The bottom line is that it gives your AI client a single, conversational point of entry to manage complex operational alerts across multiple systems.

1. Connect your Better Stack API token through Vinkius, granting your AI client the necessary permissions.
2. Tell your agent what you need: for instance, 'Show me all active incidents' or 'Who is on call today?'
3. The agent runs the appropriate tool and delivers the actionable data directly in conversation.

## Frequently Asked Questions

**How can I use the Better Stack MCP for AI Agents to check if my service is down?**
You ask your agent to list all monitors. It will give you a clean breakdown of every single uptime check, showing which HTTP endpoints or DNS probes are currently failing so you know exactly where the problem lies.

**Can I use the Better Stack MCP for AI Agents to find out who is on call right now?**
Yes. Your agent uses the list_on_call tool to pull up the active rotation calendars.
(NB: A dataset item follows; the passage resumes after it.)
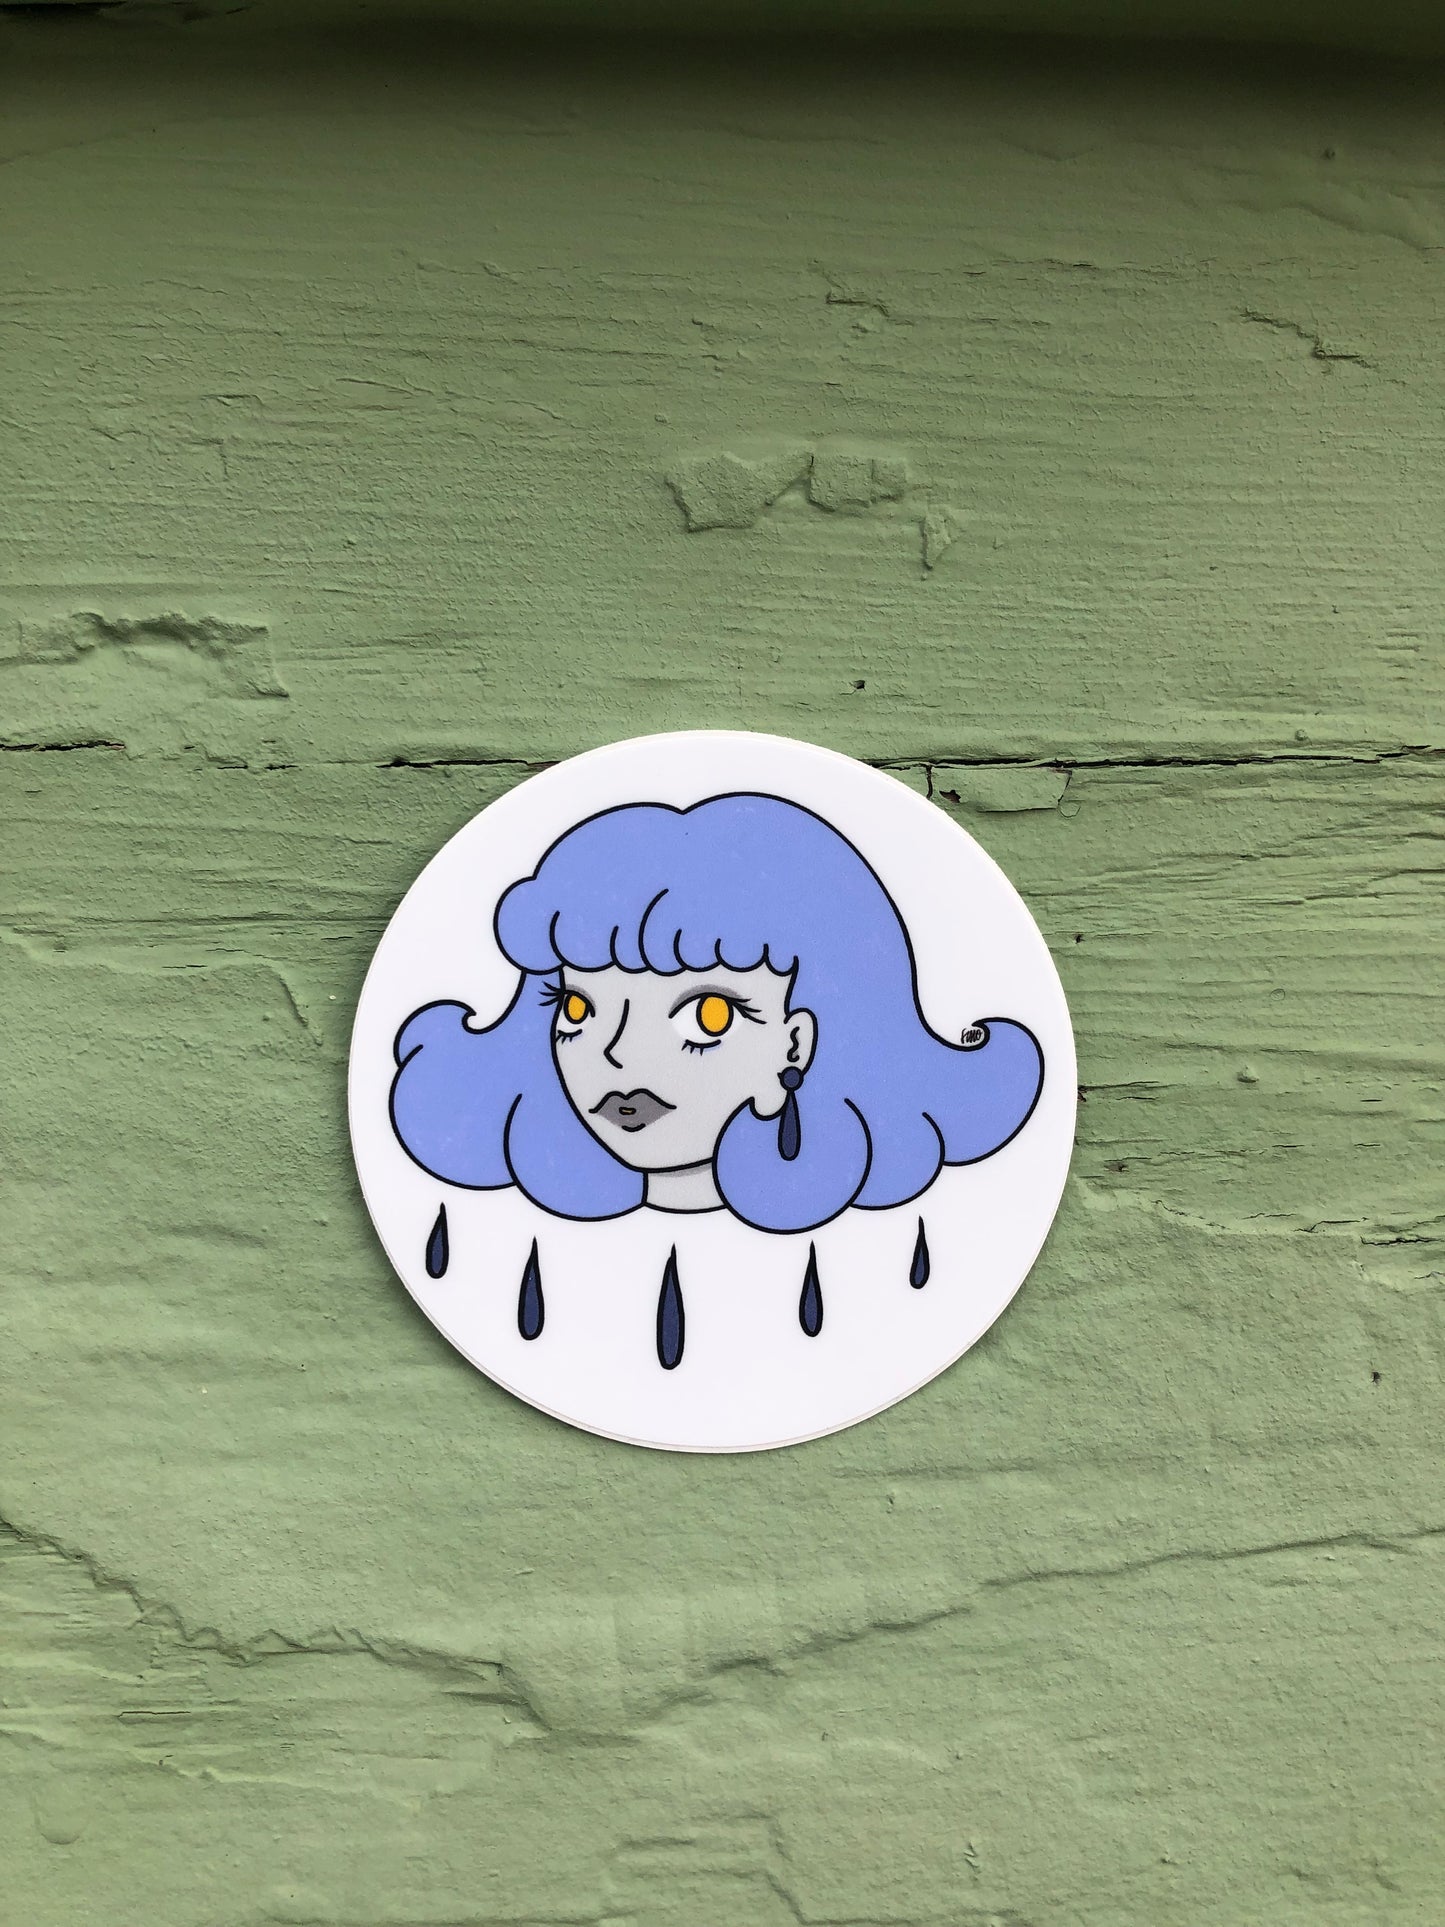 Rainy babe sticker
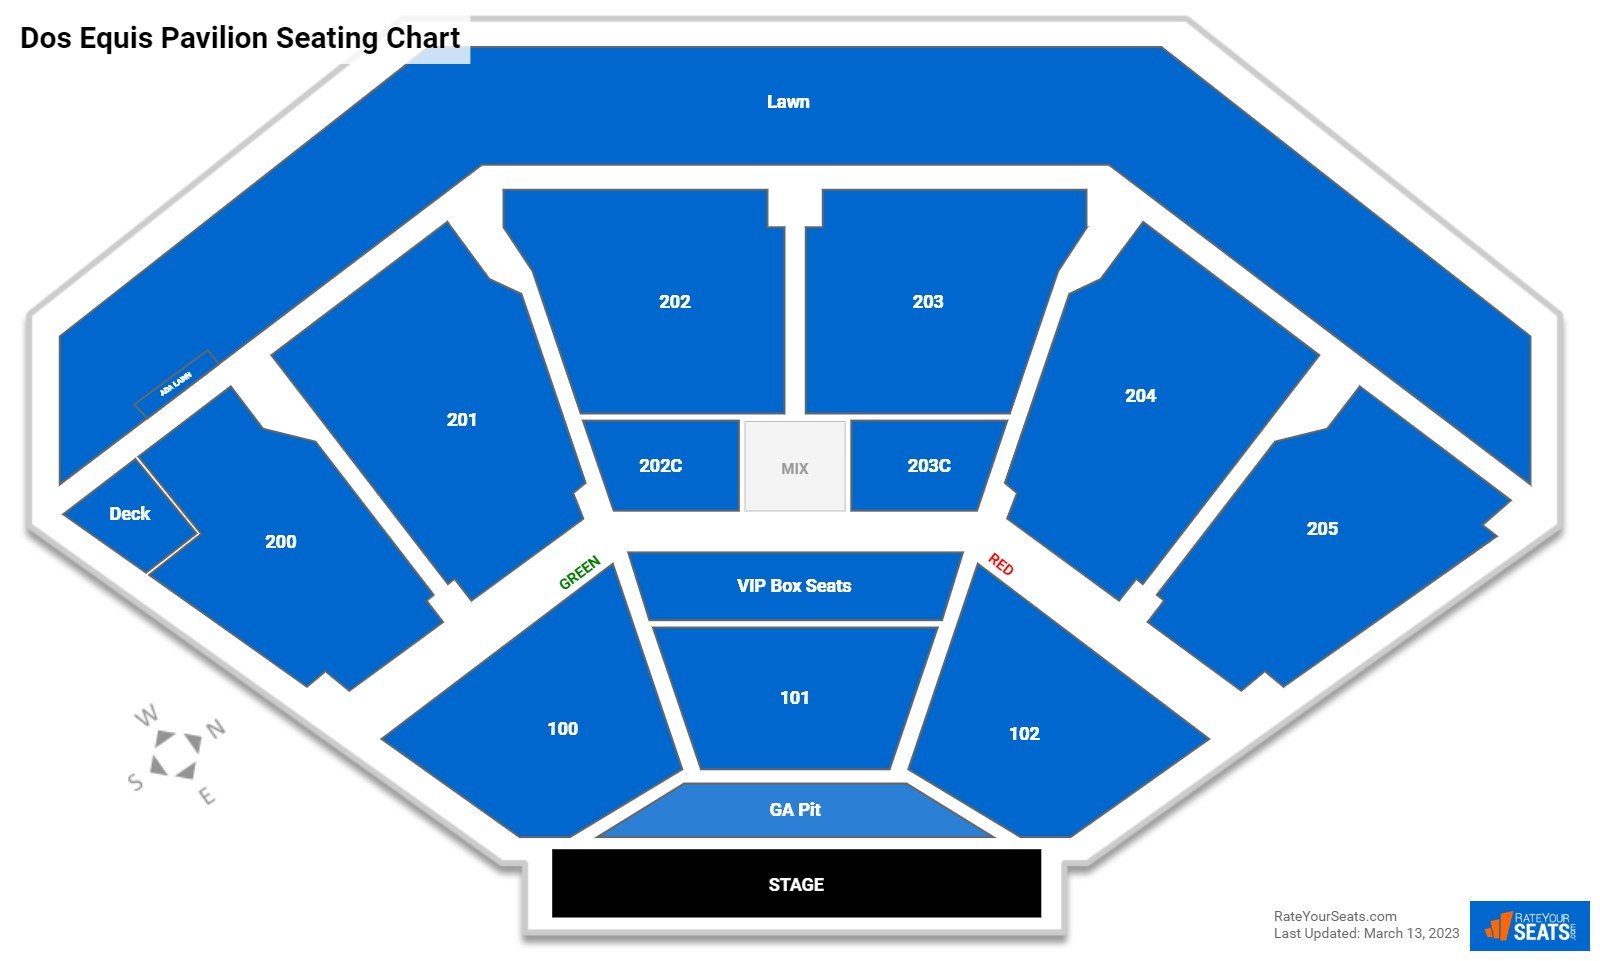 Dos Equis Pavilion Concert Seating Chart

You'll get a clear name and role, so you don't waste time calling people outside their shift.

**What if I want to know why an old incident happened?**
You can ask your agent about specific incidents using the tool that retrieves the full timeline payload. It pulls all the historical data, including error codes and timestamps, so you have everything for a post-mortem report.

**Does the Better Stack MCP for AI Agents help me stop constant notifications?**
Absolutely. If an incident is confirmed or if it's already been addressed, your agent can acknowledge_incident or resolve_incident to manage the alert status and prevent unnecessary paging.

**Does this MCP work for multiple services? Like my front end AND back end?**
Yes. It manages all monitors across your entire fleet, whether they are tracking HTTP endpoints or background cron heartbeats. You get one view of everything connected to Better Stack.